Karena layanan yang baik dan karakteristik operasional dan pertempuran, peluncur granat keluarga M20 banyak digunakan. Selama tahun-tahun Perang Korea, satu "Super Bazooka" diperkenalkan ke setiap unit infanteri Angkatan Darat AS. Pada akhir tahun 1953, sebuah divisi infanteri Amerika dipersenjatai dengan 465 Super Bazoka, dan sebuah divisi tentara Korea Selatan memiliki 258 peluncur granat. Di USMC, peluncur granat anti-tank 88,9 mm berada di bagian serangan peleton senjata perusahaan senapan. Di setiap bagian ada enam perhitungan masing-masing tiga orang. Pada awal 1960-an, setiap resimen Marinir memiliki 98 M20A1B1.



Di unit Amerika biasa, Super Bazoka digunakan hingga pertengahan 60-an, dan di Garda Nasional hingga awal 70-an. Peluncur granat anti-tank 88,9 mm secara aktif ditransfer ke sekutu dan secara resmi beroperasi di lebih dari 40 negara bagian. Austria, Spanyol dan Jepang memproduksi versi peluncur granat mereka sendiri yang sedikit dimodifikasi. Pada pertengahan 50-an, produksi M20 diluncurkan di Cina. Varian Cina tanpa izin dikenal sebagai "Tipe 54". Pada tahun 60-an, produksi peluncur granat anti-tank 88,9 mm dilakukan di Kuba. Salinan Super Bazooka Cina dan Kuba dipasok secara luas ke berbagai gerakan pemberontak di Afrika, Asia, dan Amerika Latin.

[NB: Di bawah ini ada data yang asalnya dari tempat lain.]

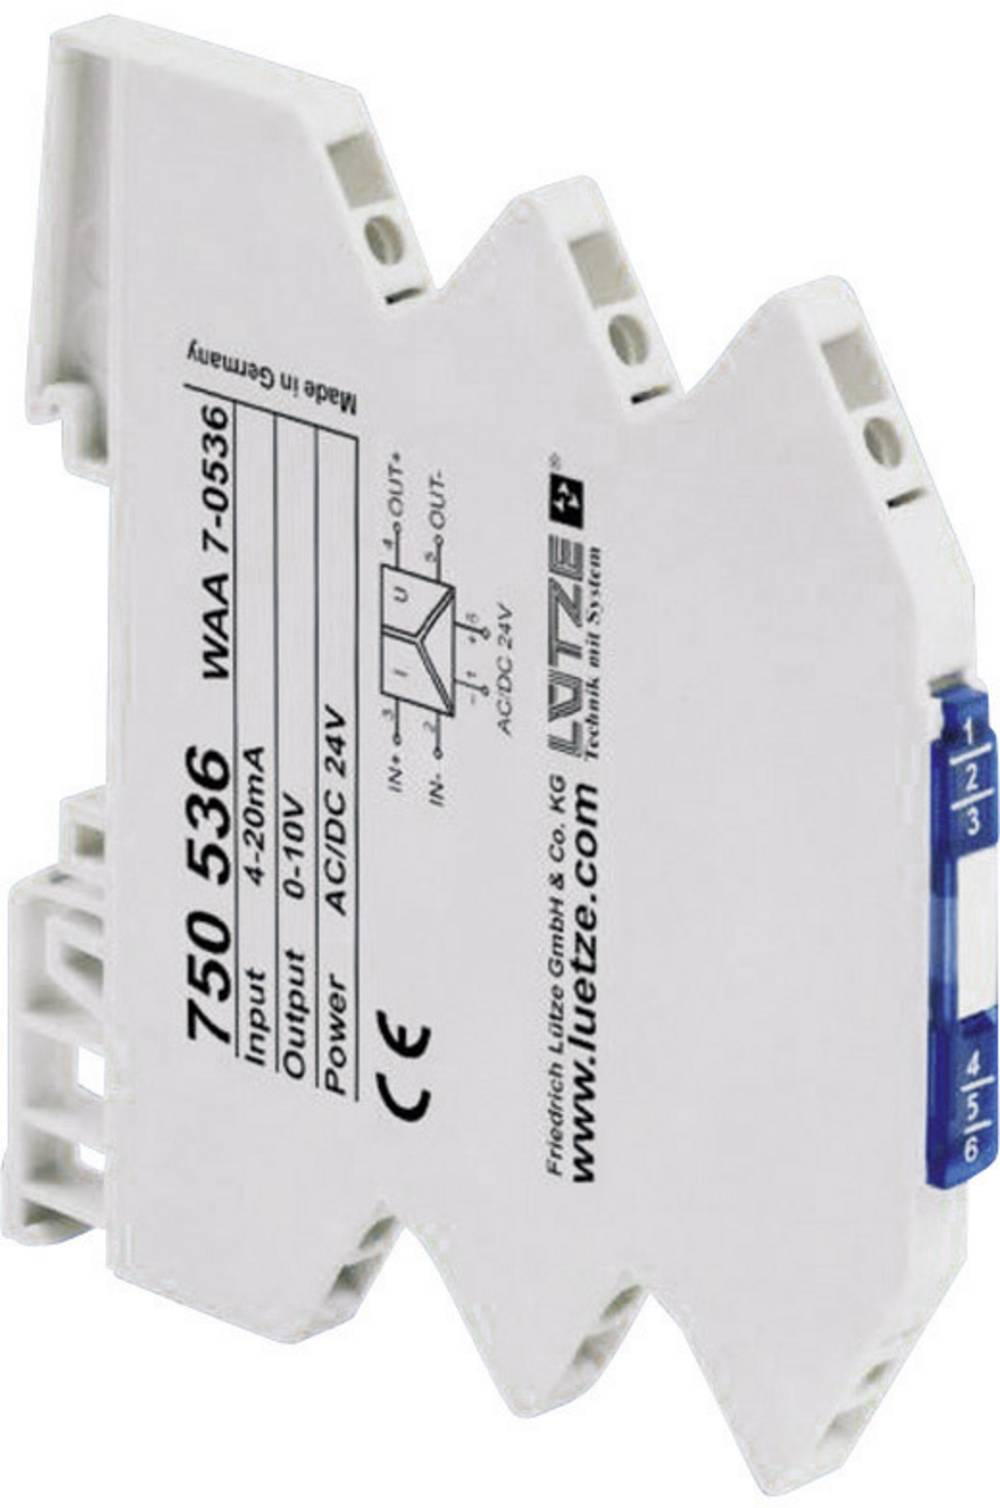 3-smjerni pretvarač normiranogsignala Ltze WAA 7-0536 750536 Lütze

Peluncur granat Tipe 54 buatan China sangat populer di kalangan partisan Vietnam. Meskipun Vietnam memiliki peluncur granat RPG-60 Soviet di tahun 2-an, dan dari awal tahun 70-an dan RPG-7 yang lebih maju, Tipe 54 dan M20A1B1 yang ditangkap China digunakan sampai akhir permusuhan. Sampai pertengahan 70-an abad terakhir, sampai RPG-7 Soviet tersebar luas, menjadi Kalashnikov di antara peluncur granat anti-tank, peluncur granat Amerika 60 dan 88,9 mm dan tiruannya adalah senjata infanteri anti-tank yang paling luas. Meskipun peluncur granat usang telah dinonaktifkan di sebagian besar negara di dunia, Super Bazooka masih dapat ditemukan di tentara negara-negara Dunia Ketiga dan di gudang berbagai jenis formasi tidak beraturan.

Untuk dilanjutkan ...

Menurut bahan:
https://www.forgottenweapons.com/browning-m2-anti-mechanization-weapon/
https://www.militaryfactory.com/smallarms/detail.asp?smallarms_id=906
http://www.koreanwaronline.com/history/Guidebook/Pages1/RifleGrenades.htm
https://www.syl.ru/article/365178/chto-takoe-bazuka-foto-opisanie-konstruktsiya-orujiya
https://second-world-war-hu.webnode.hu/
http://tankarchives.blogspot.ru/2017/12/super-bazooka-improved-antitank-fist.html
http://shooting-iron.ru/load/223-1-0-291
http://wwii.space/granatyi-ssha/
Saluran berita kami

Berlangganan dan ikuti terus berita terkini dan peristiwa terpenting hari ini.

34 komentar
informasi
Pembaca yang budiman, untuk meninggalkan komentar pada publikasi, Anda harus login.
  1. +7
    Mei 2 2018
    Super Bazooka - Kakek vampir ternyata
    1. +6
      Mei 2 2018
      kutipan: tlauicol
      Super Bazooka - Kakek vampir ternyata

      Dan mengapa tidak "Panzershrek"? apa
    2. -1
      Mei 2 2018
      Dan itu tidak ada.
      1. +8
        Mei 2 2018
        Dikutip dari Grille.
        Dan itu tidak ada.

        Dan mengapa "tiba-tiba"? Benarkan, Pak! hi
        1. +3
          Mei 2 2018
          Dia marah, dan karena itu dia menulis sedikit dengan serius ...
          Dan jadi ya. Kakek, sepupu ketiga...
  2. +9
    Mei 2 2018
    Sesaat sebelum pecahnya Perang Dunia II, tentara Amerika sama sekali tidak memiliki senjata anti-tank khusus. Pertarungan melawan tank musuh ditugaskan ke artileri lapangan, yang pada bagian utamanya sudah sangat ketinggalan zaman.
    Sergey Anda dan Olya dengan liburan; kali ini, jangan anggap ini lelucon, saya hanya tahu bahwa jiwa saya tidak tahan dan masih ada sesuatu yang akan muncul. Dengan dimulainya seri baru dan semoga keberuntungan menemani Anda.
    1. +15
      Mei 2 2018
      kutipan: Amur
      Sergey you dan Olya selamat berlibur

      Terima kasih Nikolai!
      Dan Selamat Liburan untuk Anda juga!
      kutipan: Amur
      Saya hanya tahu bahwa jiwa saya tidak tahan dan masih ada sesuatu yang akan muncul.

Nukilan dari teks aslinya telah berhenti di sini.